Research Projects

All graduate Fellows in the program will be involved with one of three major NSF projects; each of these projects are at the forefront of scientific promise as well as technical challenge for data analytics: the Legacy Survey of Space and Time at the Vera C. Rubin Observatory (LSST), the Advanced Laser Interferometer Gravitational-wave Observatory (LIGO), and Earthscope.

Emily Wolin working with sensors in the field.

Emily Wolin, department of Earth and Planetary Sciences, working with sensors in the field.

Earthscope is a vast multi-institutional research project for deep geoscientific exploration of the whole North American continent, as well as our entire Earth, to better understand the materials it is made of, how it was assembled, and how it works — including its recurring earthquakes and active volcanoes. Earthscope scientists use state-of-the-art instruments and methods to collect data from seismic waves, crustal movements, Earth’s magnetic field, rock and soil samples, and images obtained from aircraft and satellites.
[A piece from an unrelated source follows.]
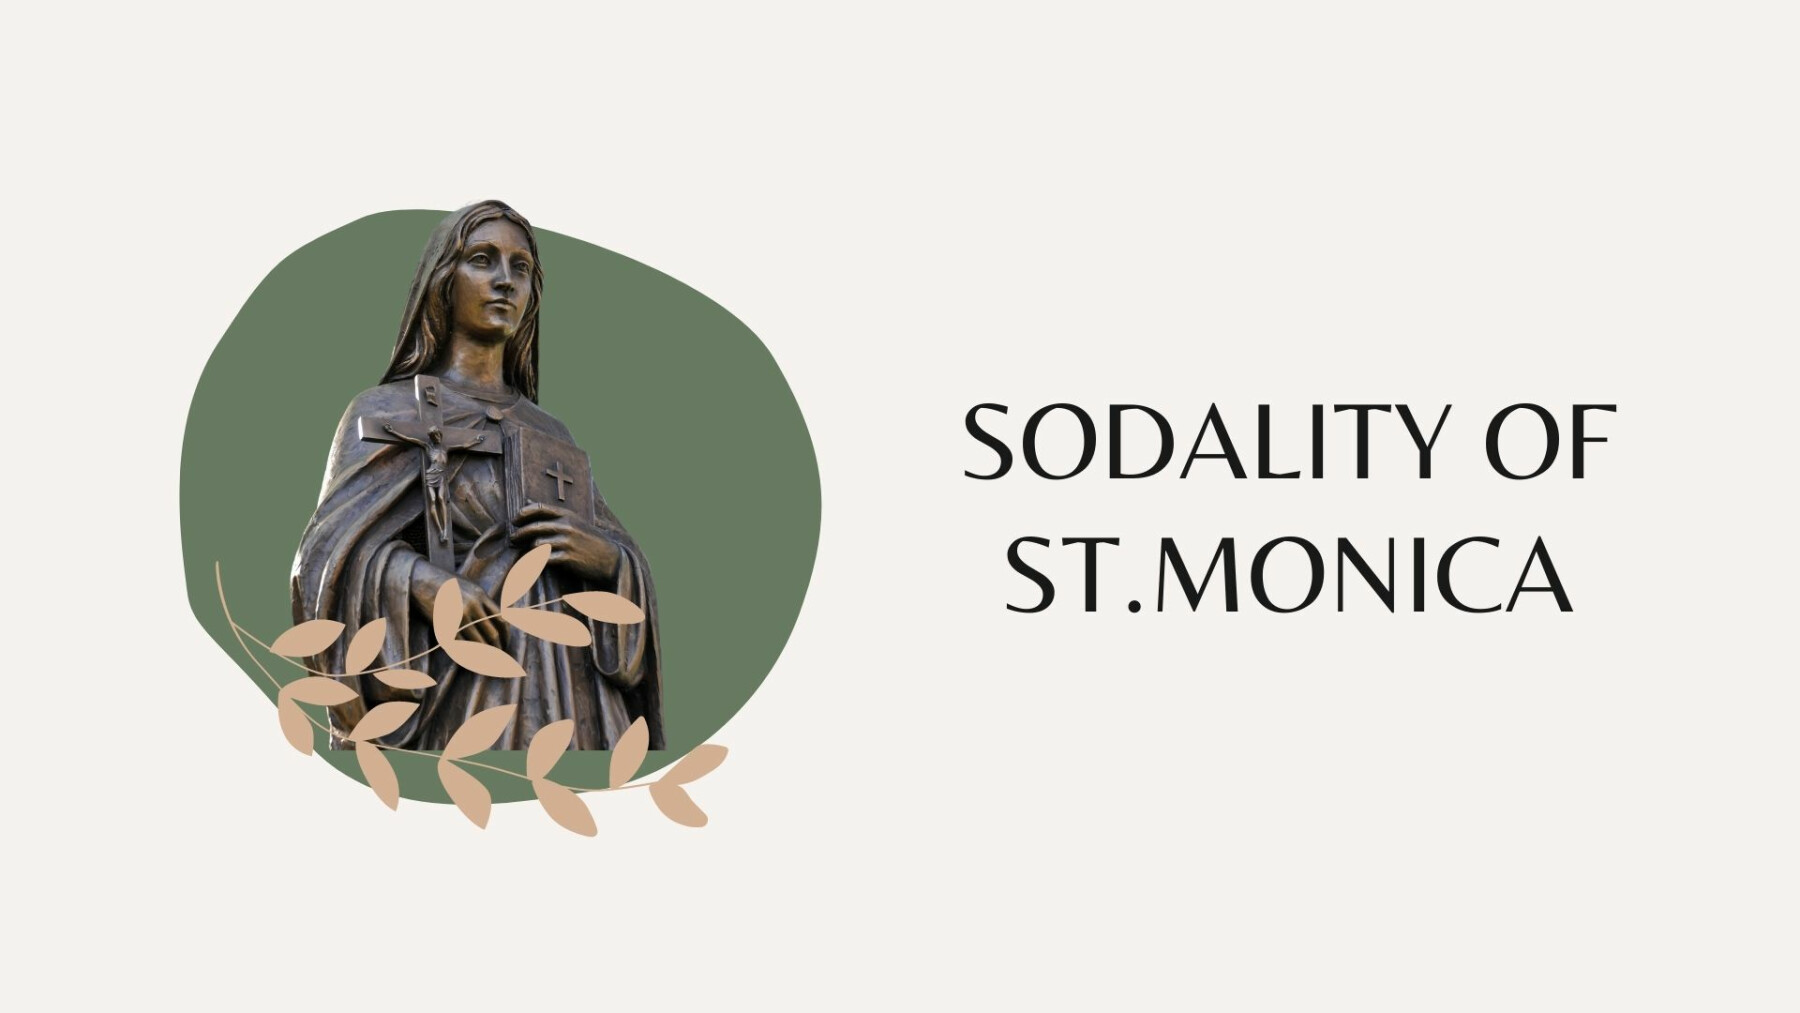 Sodality of St. Monica

Earthscope researchers at Northwestern analyze and help acquire Earthscope data at continental and regional scales.  A primary research goal is to image the three-dimensional structure of the Earth’s crust and mantle beneath North America, many hundreds of kilometers deep, and to infer its bearing on the processes and dynamics that affect continents currently, in the past, and in the future.  Imaging the Earth’s interior from full waveforms of hundreds of crustal profiles, thousands of seismic wave trains, hundreds of thousands of surface wave dispersion curves, and millions of body-wave delay times, is a challenging task because of unknown noise, unmodeled physical phenomena, and under-“illumination” by the seismic waves that are preferentially generated at tectonic plate boundaries and recorded on continents, all near and on the Earth’s surface.
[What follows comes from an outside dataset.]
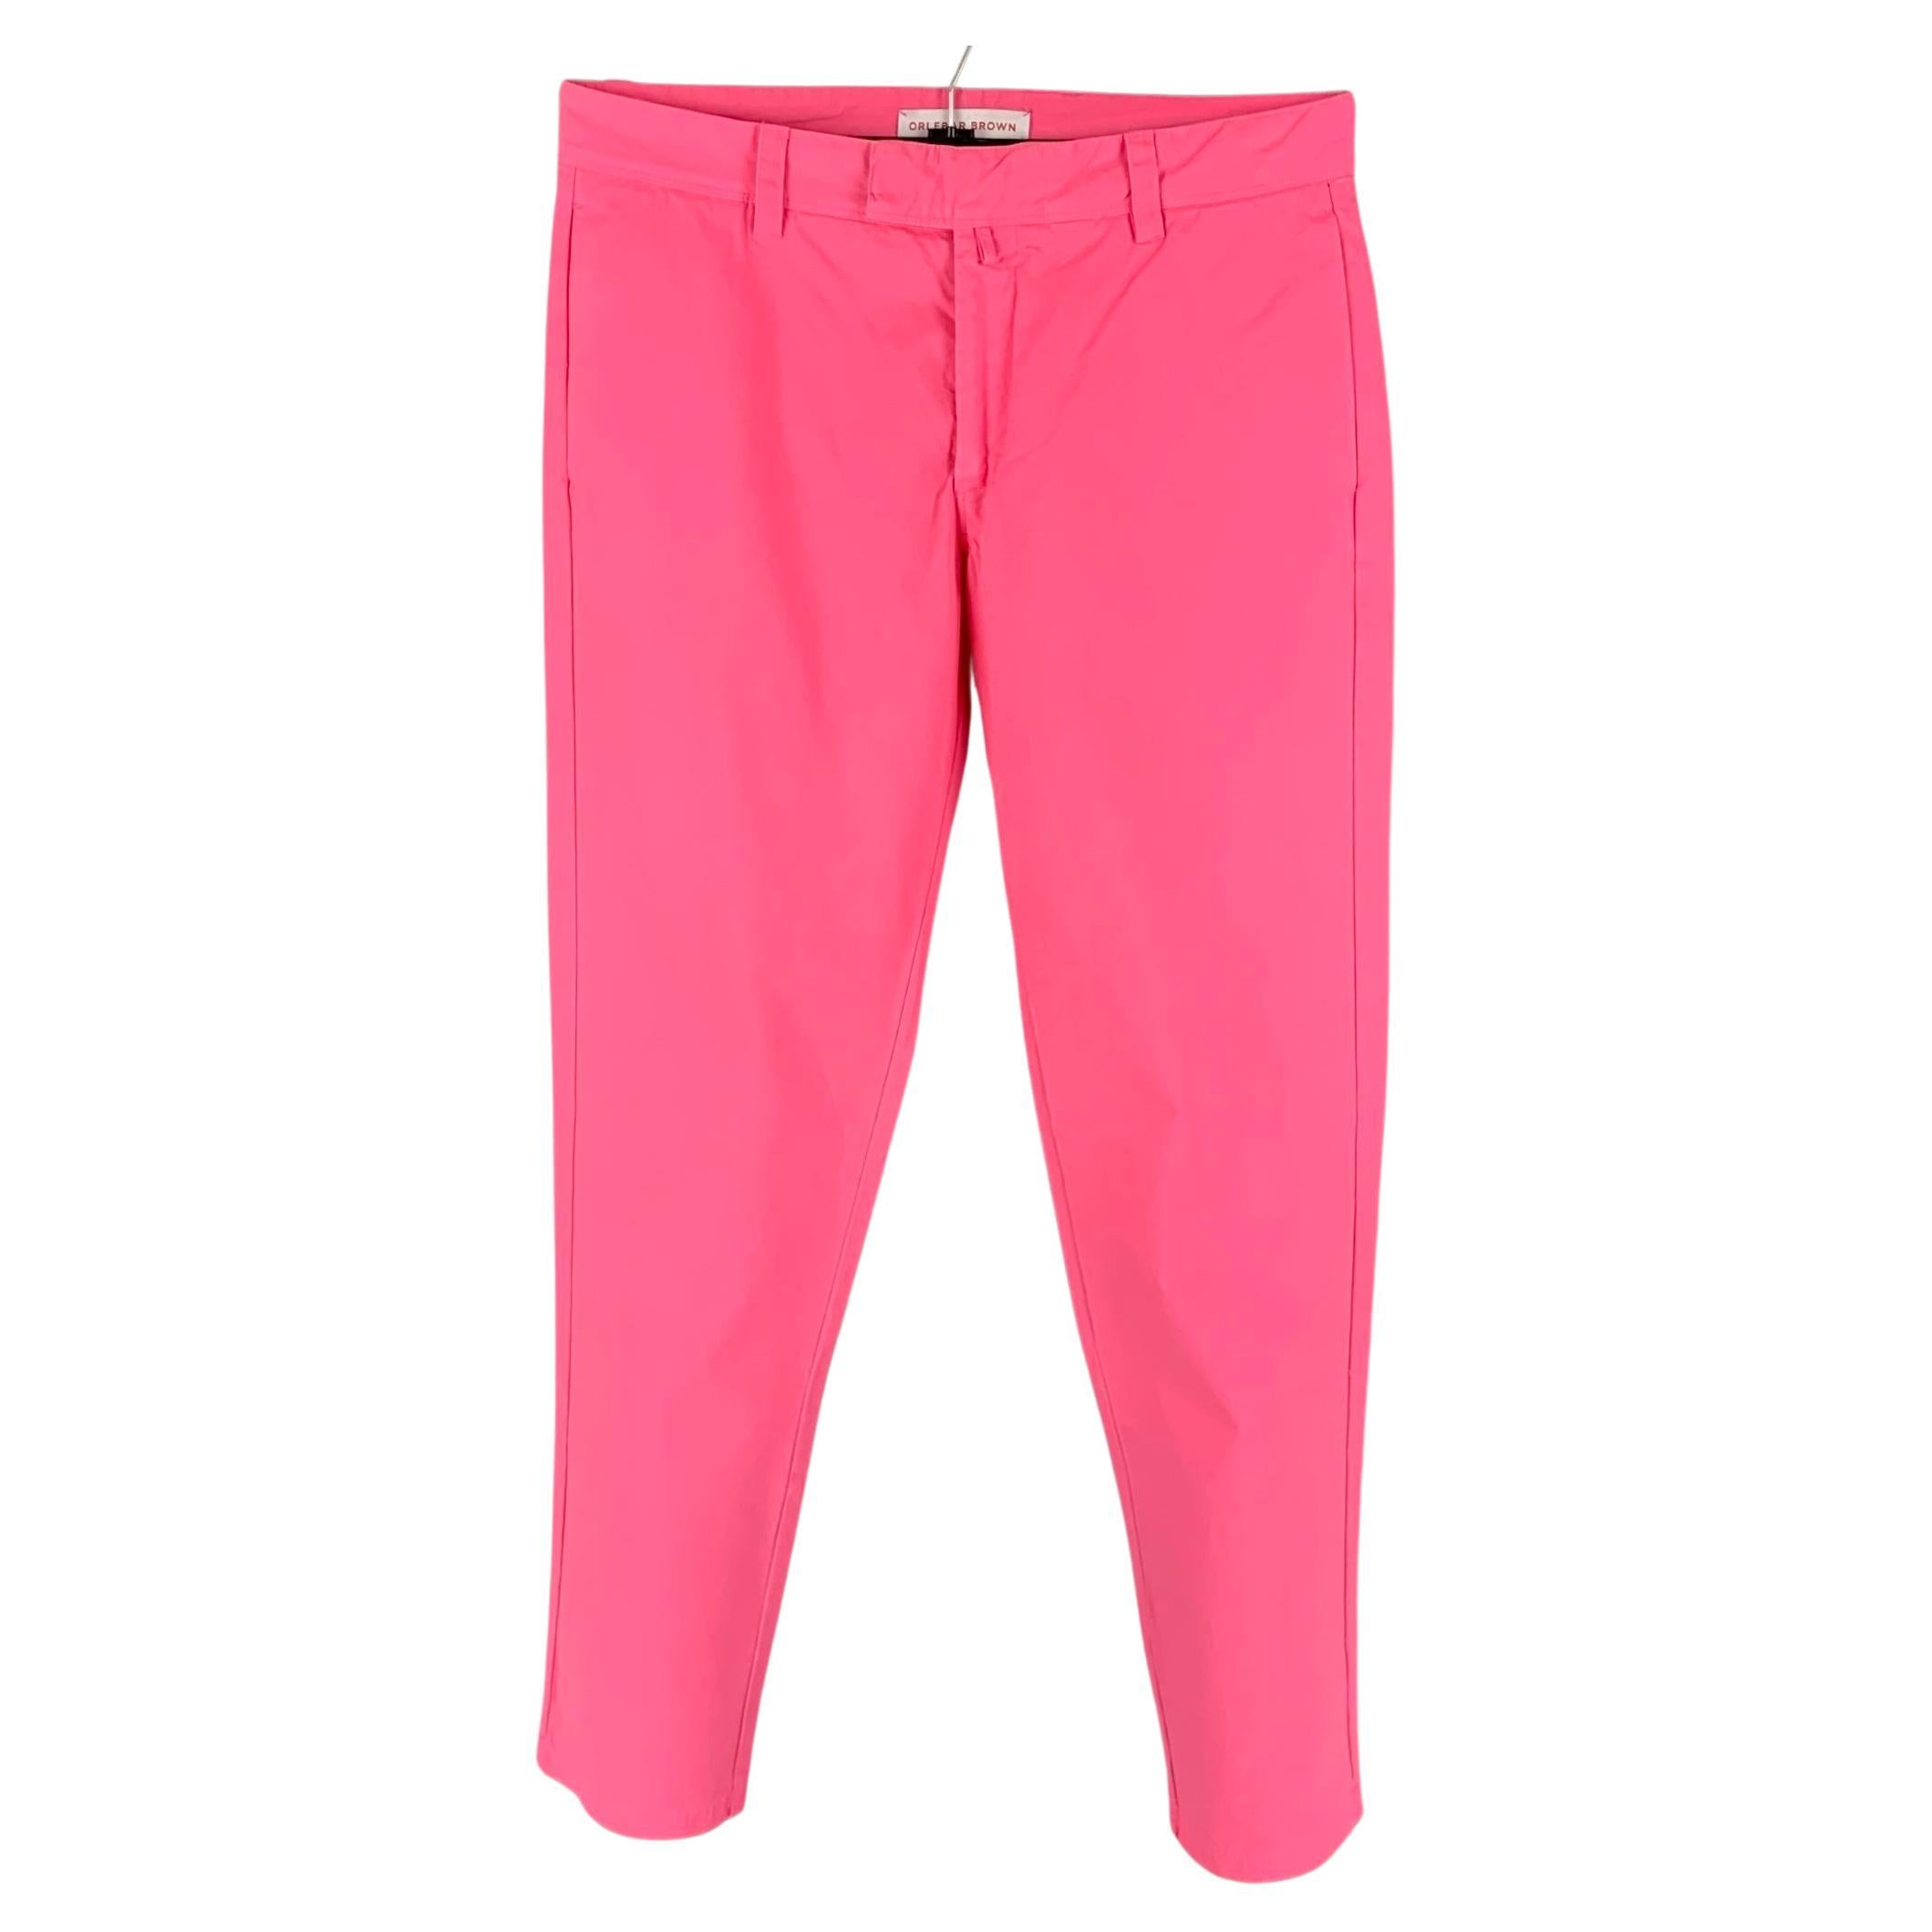 ORLEBAR BROWN Size 32 Pink Cotton Zip Dress Pants

LIGO, or the Advanced Laser Interferometer Gravitational-Wave Observatory project, is a set of two instruments designed to detect gravitational waves (GW) passing through the Earth (there is also a similar GW detector in Pisa, Italy, called Advanced Virgo). GWs are produced by a variety of high-energy astrophysical events, such as merging black holes; they will provide us with a new window into the Universe. With its sensitivity improved by a factor of 10 over the initial LIGO detectors, the number of candidate astrophysical sources that can be seen by LIGO will increase by a factor of 1000. Even with these improvements, however, it will still be a challenge to extract the GW signatures from the very noisy data. To separate the signal from the noise, data from multiple detectors around the world with uncorrelated noise are analyzed simultaneously.  The data from each detector is checked for consistency against theoretical models for the expected signal.  The detections from each instrument are then checked for consistency in time; an actual gravitational wave, as opposed to most noise, will cause coincident detections across the network with time delays corresponding to the time it takes light to travel between detectors.  Even after all of these checks, occasional noise fluctuations can still mimic gravitational wave signals, and could possibly be mistaken for an astrophysical signal.

LSST, or the Legacy Survey of Space and Time at the The Vera C. Rubin Observatory, is an 8.4-meter optical telescope currently under construction in Chile. LSST is designed to conduct a ten-year survey of the dynamic universe, mapping the entire visible sky every few nights. The design of LSST is driven by several science themes, ranging from studying dark matter and dark energy to exploring transient objects in the Universe. With each part of the visible sky imaged every few nights over a ten-year period, LSST will provide a new way to gather information about the optical universe, enabling the study of even very distant objects, changing in both space and time. With 15 TB of raw data collected over a single night of operation, the LSST collaboration faces numerous data mining challenges that will need to be addressed collaboratively by a community of scientists, including astronomers, statisticians, and computer scientists. For LSST, rapid and accurate object classification will be critical as the starting point for analysis, but identifying the key observed features on which to base classification is a challenge in itself. It will be necessary to explore and assess a wide range of classification algorithms available to find the optimal solutions. Over the lifetime of the project, it is anticipated that LSST will produce 500 PB of cumulative processed data, which will also introduce new challenges for data storage and management.